1. 01 May, 2024 7 commits
    • Damien Le Moal's avatar
      block: Do not remove zone write plugs still in use · 7b295187
      Damien Le Moal authored
      Large write BIOs that span a zone boundary are split in
      blk_mq_submit_bio() before being passed to blk_zone_plug_bio() for zone
      write plugging. Such split BIO will be chained with one fragment
      targeting one zone and the remainder of the BIO targeting the next
      zone. The two BIOs can be executed in parallel, without a predetermine
      order relative to eachother and their completion may be reversed: the
      remainder first completing and the first fragment then completing. In
      such case, bio_endio() will not immediately execute
      blk_zone_write_plug_bio_endio() for the parent BIO (the remainder of the
      split BIO) as the BIOs are chained. blk_zone_write_plug_bio_endio() for
      the parent BIO will be executed only once the first fragment completes.
      
      In the case of a device with small zones and very large BIOs, uch
      completion pattern can lead to disk_should_remove_zone_wplug() to return
      true for the zone of the parent BIO when the parent BIO request
      completes and blk_zone_write_plug_complete_request() is executed. This
      triggers the removal of the zone write plug from the hash table using
      disk_remove_zone_wplug(). With the zone write plug of the parent BIO
      missing, the call to disk_get_zone_wplug() in
      blk_zone_write_plug_bio_endio() returns NULL and triggers a warning.
      
      This patterns can be recreated fairly easily using a scsi_debug device
      with small zone and btrfs. E.g.
      
      modprobe scsi_debug delay=0 dev_size_mb=1024 sector_size=4096 \
      	zbc=host-managed zone_cap_mb=3 zone_nr_conv=0 zone_size_mb=4
      mkfs.btrfs -f -O zoned /dev/sda
      mount -t btrfs /dev/sda /mnt
      fio --name=wrtest --rw=randwrite --direct=1 --ioengine=libaio \
      	--bs=4k --iodepth=16 --size=1M --directory=/mnt --time_based \
      	--runtime=10
      umount /dev/sda
      
      Will result in the warning:
      
      [   29.035538] WARNING: CPU: 3 PID: 37 at block/blk-zoned.c:1207 blk_zone_write_plug_bio_endio+0xee/0x1e0
      ...
      [   29.058682] Call Trace:
      [   29.059095]  <TASK>
      [   29.059473]  ? __warn+0x80/0x120
      [   29.059983]  ? blk_zone_write_plug_bio_endio+0xee/0x1e0
      [   29.060728]  ? report_bug+0x160/0x190
      [   29.061283]  ? handle_bug+0x36/0x70
      [   29.061830]  ? exc_invalid_op+0x17/0x60
      [   29.062399]  ? asm_exc_invalid_op+0x1a/0x20
      [   29.063025]  ? blk_zone_write_plug_bio_endio+0xee/0x1e0
      [   29.063760]  bio_endio+0xb7/0x150
      [   29.064280]  btrfs_clone_write_end_io+0x2b/0x60 [btrfs]

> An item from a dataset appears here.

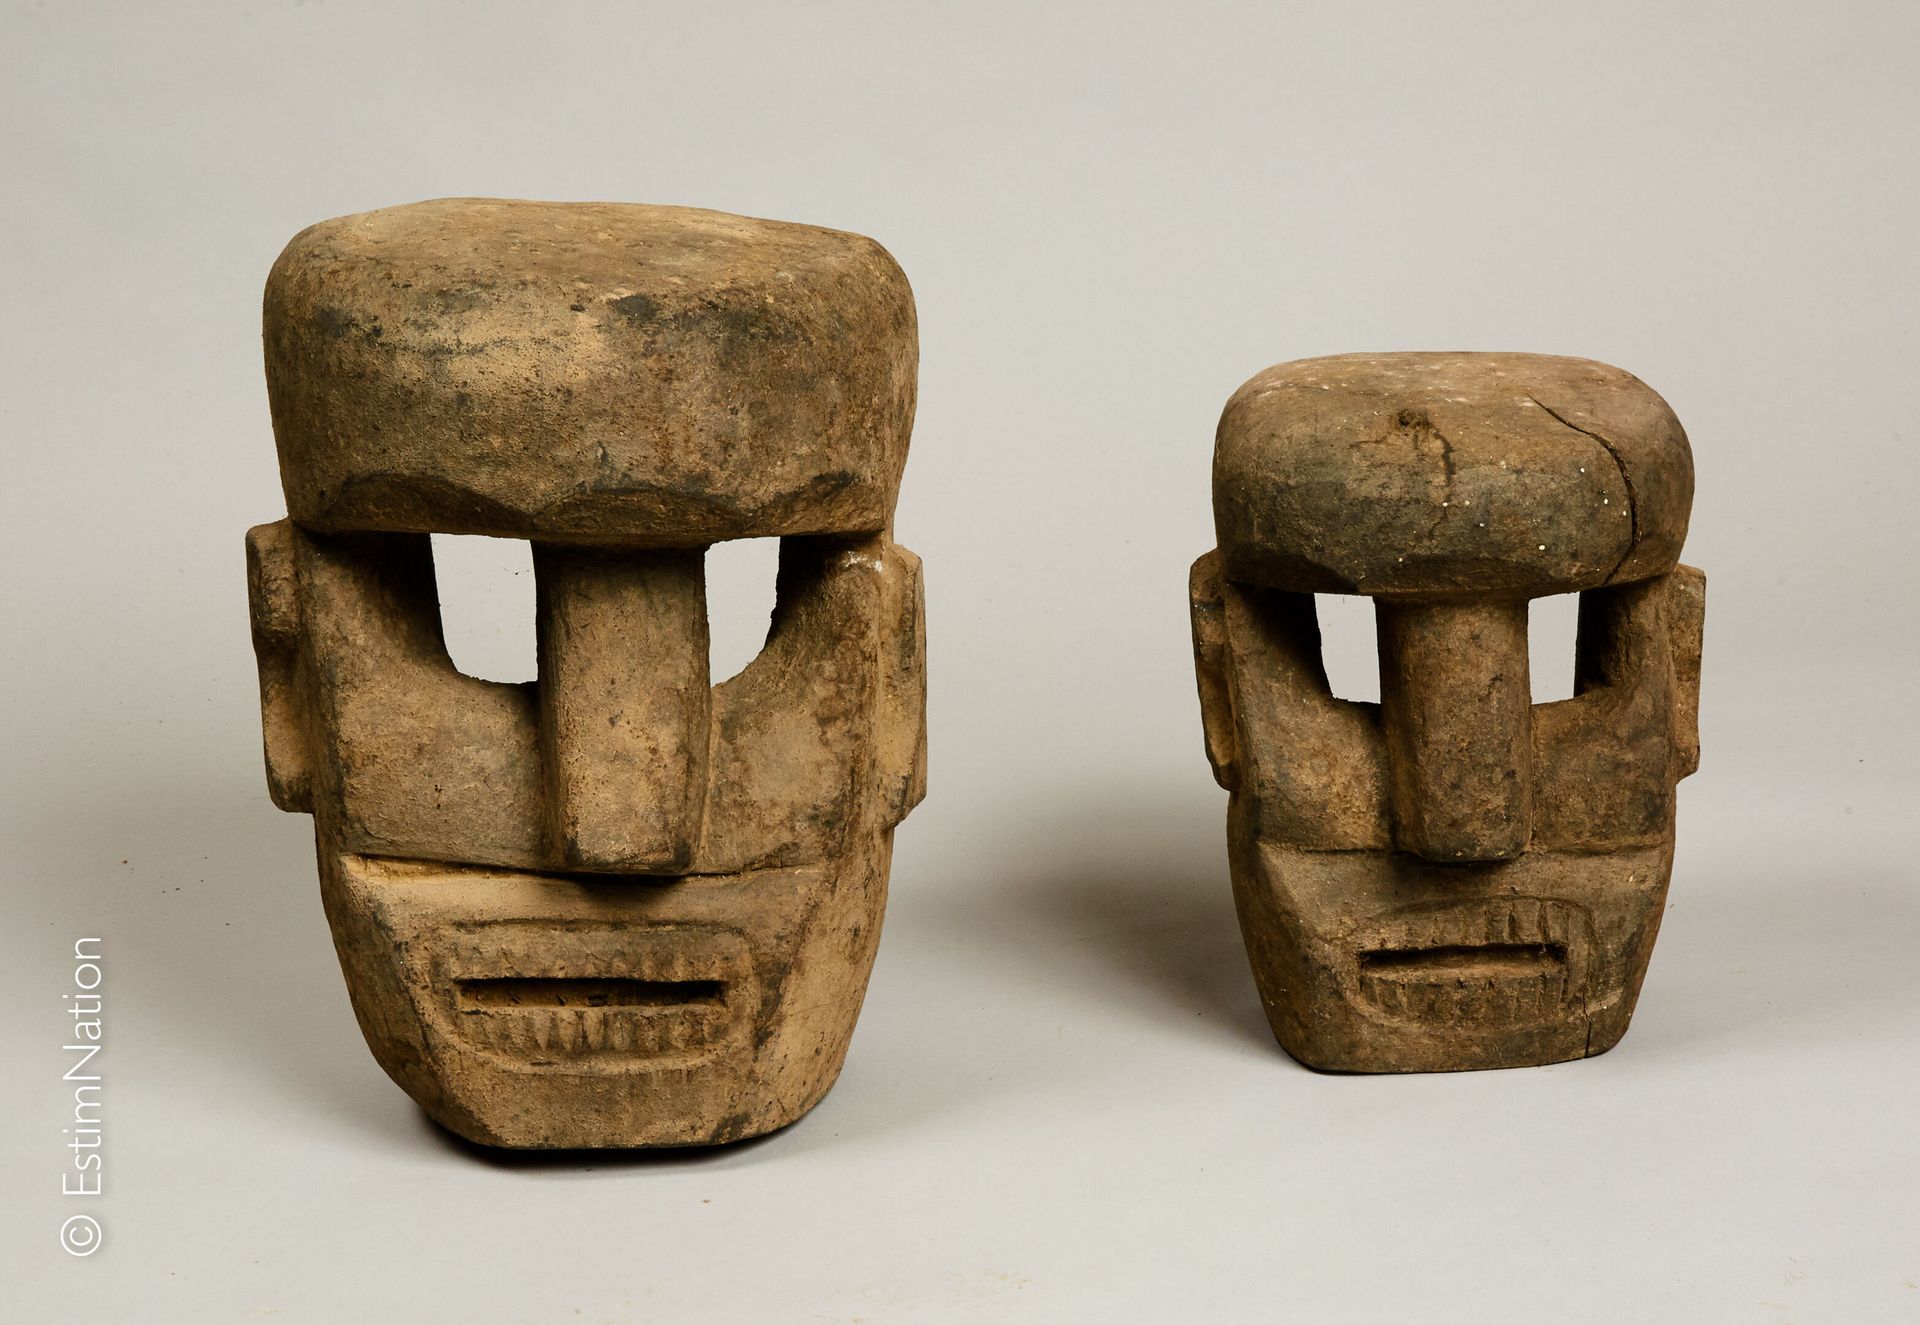 TIMOR TIMOR



Zwei Masken aus geschnitztem Holz und natürlichen Pigmenten, die &hellip;

      [   29.065049]  blk_update_request+0x17c/0x500
      [   29.065666]  scsi_end_request+0x27/0x1a0 [scsi_mod]
      [   29.066356]  scsi_io_completion+0x5b/0x690 [scsi_mod]
      [   29.067077]  blk_complete_reqs+0x3a/0x50
      [   29.067692]  __do_softirq+0xcf/0x2b3
      [   29.068248]  ? sort_range+0x20/0x20
      [   29.068791]  run_ksoftirqd+0x1c/0x30
      [   29.069339]  smpboot_thread_fn+0xcc/0x1b0
      [   29.069936]  kthread+0xcf/0x100
      [   29.070438]  ? kthread_complete_and_exit+0x20/0x20
      [   29.071314]  ret_from_fork+0x31/0x50
      [   29.071873]  ? kthread_complete_and_exit+0x20/0x20
      [   29.072563]  ret_from_fork_asm+0x11/0x20
      [   29.073146]  </TASK>
      
      either when fio executes or when unmount is executed.
      
      Fix this by modifying disk_should_remove_zone_wplug() to check that the
      reference count to a zone write plug is not larger than 2, that is, that
      the only references left on the zone are the caller held reference
      (blk_zone_write_plug_complete_request()) and the initial extra reference
      for the zone write plug taken when it was initialized (and that is
      dropped when the zone write plug is removed from the hash table).
      
      To be consistent with this change, make sure to drop the request or BIO
      held reference to the zone write plug before calling
      disk_zone_wplug_unplug_bio(). All references are also dropped using
      disk_put_zone_wplug() instead of atomic_dec() to ensure that the zone
      write plug is freed if it needs to be.
      
      Comments are also improved to clarify zone write plugs reference
      handling.
      Reported-by: default avatarShin'ichiro Kawasaki <shinichiro.kawasaki@wdc.com>
      Fixes: dd291d77 ("block: Introduce zone write plugging")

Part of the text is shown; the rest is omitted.